Large language models (LLMs) have transformed natural language processing with their impressive capabilities. Trained on vast text corpuses, these models excel in tasks like text generation, translation, summarization, and question-answering. However, their performance may not always meet the demands of specialized applications or domains.

In this guide, we will discuss the benefits of fine-tuning LLMs, which can lead to improved performance, reduced training costs, and more precise results tailored to specific contexts.

What is LLM Fine-tuning?

Fine-tuning a large language model refers to the process of further training an already established model that has learned from a broad dataset, using a smaller, domain-specific dataset. The term "LLM" typically refers to models such as OpenAI's GPT series. Training a model from scratch is computationally expensive and time-consuming; therefore, leveraging the knowledge from a pre-trained model allows for high task-specific performance with less data and fewer resources.

Key steps in LLM fine-tuning include:

Choosing a Pre-trained Model: Start by selecting a base model that fits your needs. Pre-trained models are versatile and trained on extensive unlabeled datasets.
Collecting a Relevant Dataset: Next, gather a dataset pertinent to your task. It should be appropriately labeled or structured for effective learning.
Preparing the Dataset: Preprocessing involves cleaning the data and dividing it into training, validation, and test sets, ensuring compatibility with the model.
Fine-tuning: Fine-tune the selected model using your domain-specific dataset, which may relate to a specific application or field, enabling the model to adapt to its context.
Task-specific Adjustment: During this phase, the model's parameters are fine-tuned based on the new dataset, enhancing its ability to understand and generate task-relevant content. This process retains the general language knowledge acquired during initial training while honing in on the particularities of the target domain.

Fine-tuning LLMs is frequently utilized for various natural language processing tasks such as sentiment analysis, named entity recognition, summarization, translation, and more, where context comprehension and coherent language generation are essential.

Fine-tuning Techniques

Fine-tuning an LLM typically involves a supervised learning approach, using a dataset with labeled examples to modify the model’s weights for improved task performance. Below are some notable techniques used in this process:

Full Fine Tuning (Instruction Fine-tuning): This method enhances the model’s performance across multiple tasks by training it on examples that guide responses to questions. The dataset selection is crucial, tailored to specific tasks like summarization or translation. This technique updates all model weights, resulting in a new version with enhanced capabilities, but it requires significant memory and computational resources akin to pre-training.
Parameter Efficient Fine-Tuning (PEFT): PEFT is a more efficient alternative to full fine-tuning. Training a language model entirely can be resource-intensive. PEFT addresses this by updating only a subset of parameters while keeping the rest frozen, reducing the number of trainable parameters. This approach helps manage memory limitations and prevents catastrophic forgetting, allowing the original LLM weights to remain intact. Various methods exist for achieving PEFT, with Low-Rank Adaptation (LoRA) and Quantized LoRA (QLoRA) being the most recognized.

What is LoRA?

LoRA enhances the fine-tuning process by adjusting two smaller matrices that approximate the larger weight matrix of the pre-trained LLM, known as the LoRA adapter. After fine-tuning, the original LLM remains unchanged while a compact “LoRA adapter” is created, often only a fraction of the original model's size in MBs. During inference, the LoRA adapter must be combined with the original model, facilitating the reuse of the base model for various tasks and reducing overall memory use.
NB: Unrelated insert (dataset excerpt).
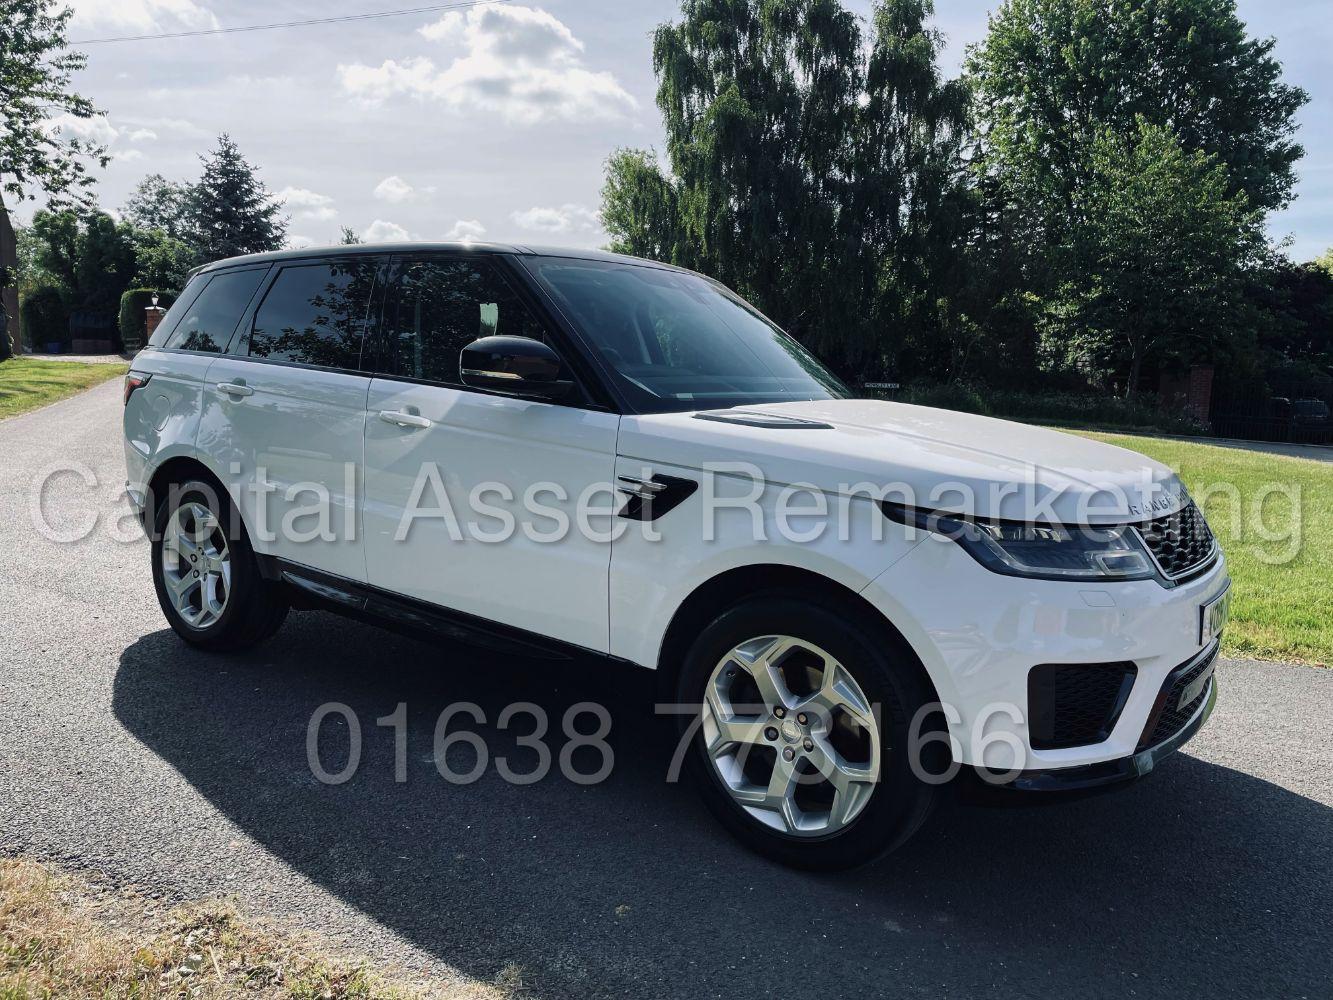 2021 Rolex Datejust 41MM - 2018 Range Rover Sport *HSE* - 2019 Mercedes-Benz C220d *Sport Edition* + Many More: Cars, Commercials & 4x4's

What is Quantized LoRA (QLoRA)?

QLoRA is an even more memory-efficient version of LoRA, which reduces the weights of the LoRA adapters to lower precision (e.g., 4-bit instead of 8-bit). This further decreases the memory footprint and storage needs. In QLoRA, the pre-trained model is loaded into GPU memory with quantized weights, while still performing comparably to LoRA.

In this tutorial, we'll implement Parameter-efficient fine-tuning with QLoRA.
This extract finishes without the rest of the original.